Maurice Leblanc was the French author who created Arsène Lupin, the elegant, audacious gentleman-thief whose adventures helped define classic crime fiction. With novels such as The Extraordinary Adventures of Arsène Lupin, Leblanc blended wit, suspense, disguise, and mischief into stories that still feel irresistible.

If you enjoy Maurice Leblanc, these authors are well worth exploring next:

  1. Agatha Christie

    Agatha Christie is a natural choice for readers who love intricate plotting, sharp minds, and satisfying surprises. If Leblanc appealed to you because of his cleverness and flair, Christie offers a different but equally rewarding kind of puzzle through Hercule Poirot.

    A perfect place to begin is Murder on the Orient Express.  Poirot is traveling aboard a luxurious train when it becomes trapped by snow.

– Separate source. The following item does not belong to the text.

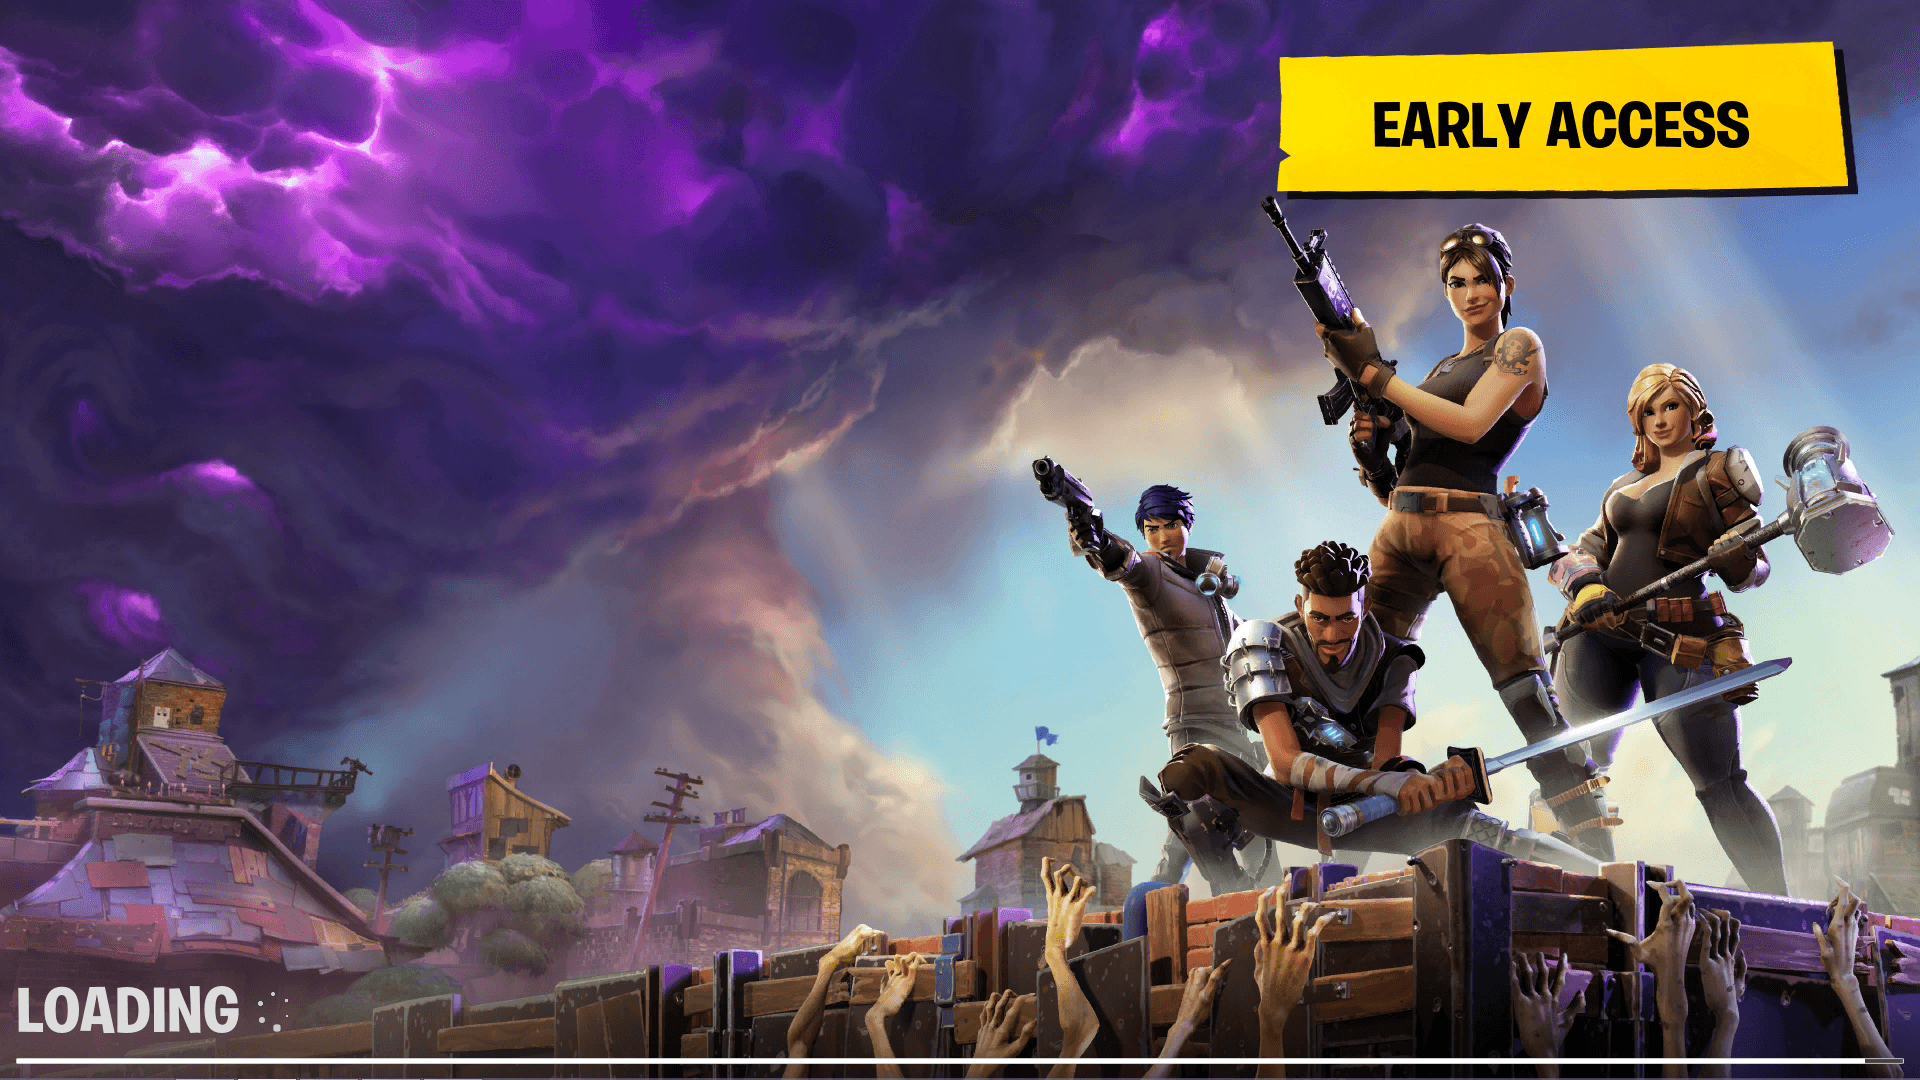 Just installed the game. Can't get past this first loading screen no

    Then a passenger is found dead, and every person in the carriage may have something to hide. With its confined setting, memorable cast, and brilliantly constructed mystery, this novel delivers the same pleasure of watching intelligence at work that makes Leblanc so enjoyable.

  2. Arthur Conan Doyle

    Anyone drawn to Arsène Lupin’s wit and ingenuity should also spend time with Arthur Conan Doyle. Sherlock Holmes brings a different energy to mystery fiction, but the same delight in deduction, strategy, and dramatic revelation runs through these stories.

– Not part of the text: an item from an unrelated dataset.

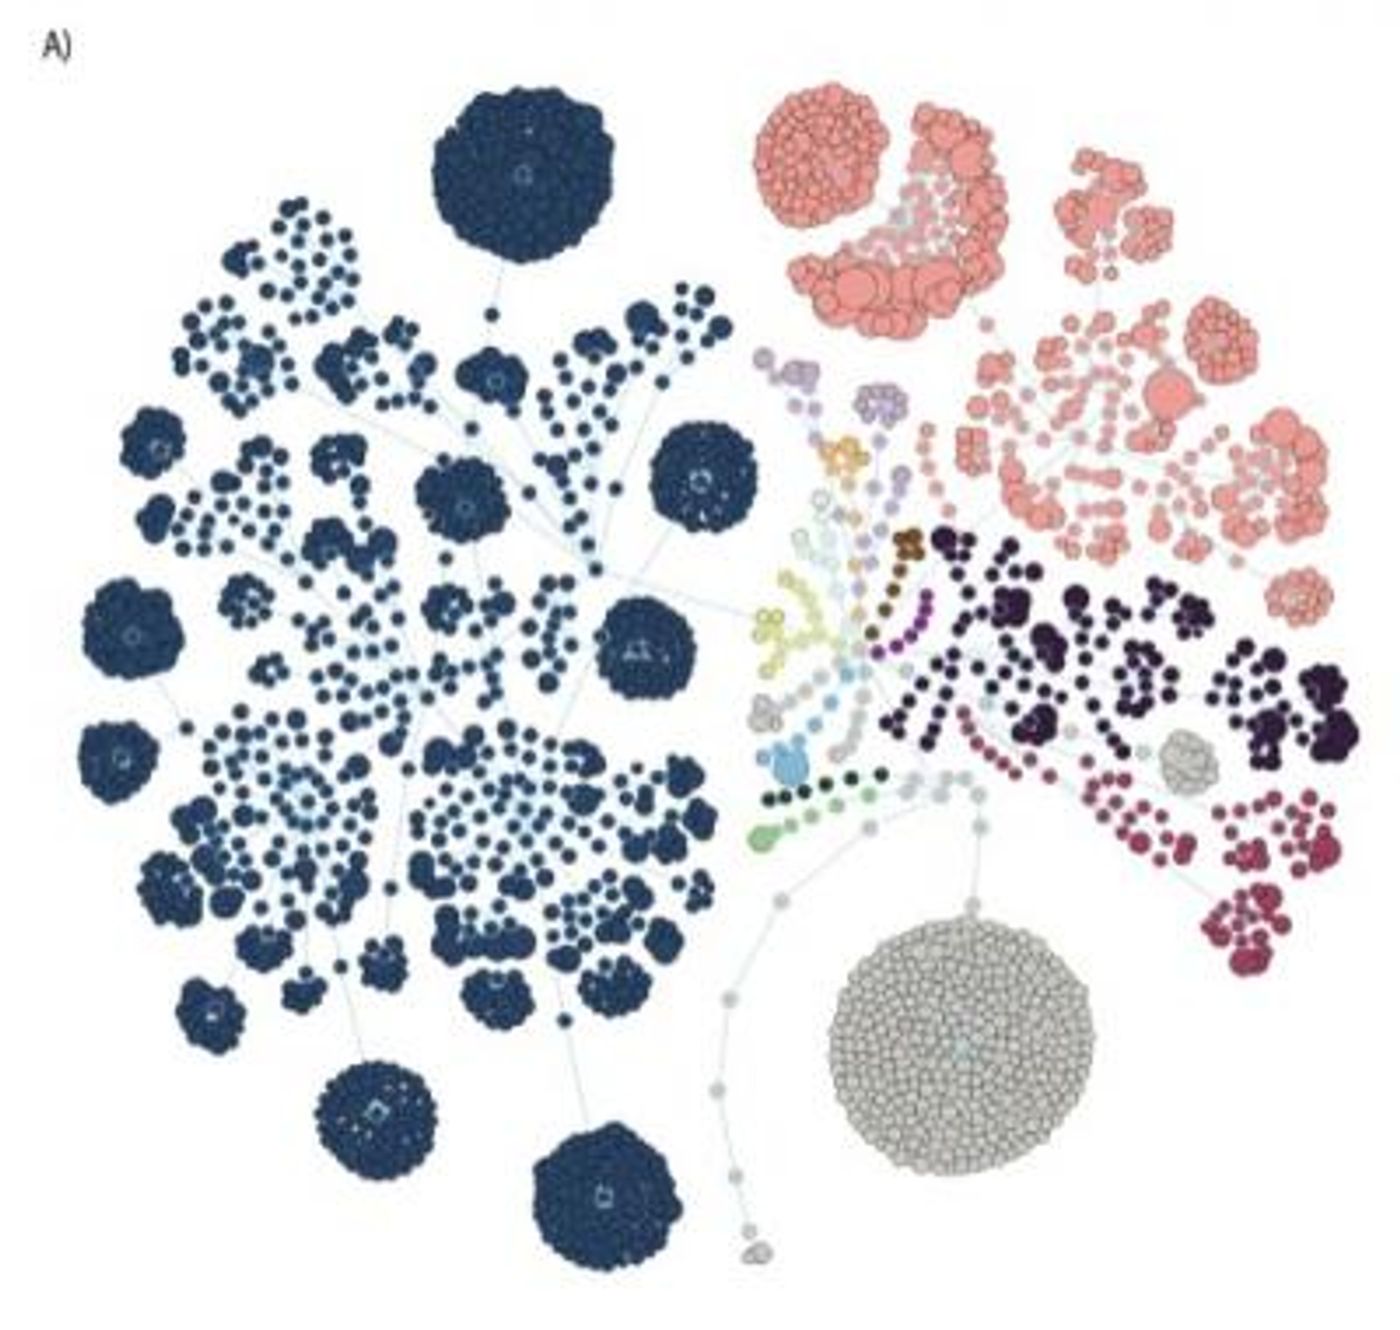 Human gut microbiome composition shows an enormous richness. Each circle represents a bacterial species, while the different colours mark different bacterial phyla. / Credit:  Dr. Amir Minerbi

    In The Hound of the Baskervilles,  Holmes investigates a death tied to an old family legend.

    Set on bleak moors wrapped in superstition and fear, the novel combines eerie atmosphere with clear-eyed reasoning. It is a superb mix of suspense and logic, and a strong pick for anyone who enjoys classic mysteries with unforgettable style.

  3. Gaston Leroux

    Gaston Leroux writes the kind of mystery that feels both theatrical and tightly constructed. Fans of Maurice Leblanc will likely enjoy his flair for suspense, unusual situations, and characters who keep the story moving with energy and intelligence.

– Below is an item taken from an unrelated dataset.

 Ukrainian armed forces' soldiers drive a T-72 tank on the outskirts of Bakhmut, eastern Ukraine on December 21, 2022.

    His best-known detective novel, The Mystery of the Yellow Room,  follows journalist and amateur sleuth Joseph Rouletabille as he investigates an apparently impossible crime.

    A woman has been attacked inside a locked room, with no clear way for the culprit to have entered or escaped. From there, Leroux builds a gripping puzzle filled with hidden motives, deceptive clues, and elegant twists.

    The result is a vivid, brain-teasing mystery that remains one of the great classics of the genre.

  4. Georges Simenon

    Georges Simenon is best known for his Commissaire Maigret novels, which favor atmosphere, psychology, and close observation over flashy deduction. Readers who appreciate Leblanc’s French settings and criminal intrigue may find Simenon especially appealing.

    In The Yellow Dog,  Maigret arrives in the coastal town of Concarneau after a mysterious shooting unsettles the community. A strange yellow dog keeps appearing near the center of events, deepening the unease.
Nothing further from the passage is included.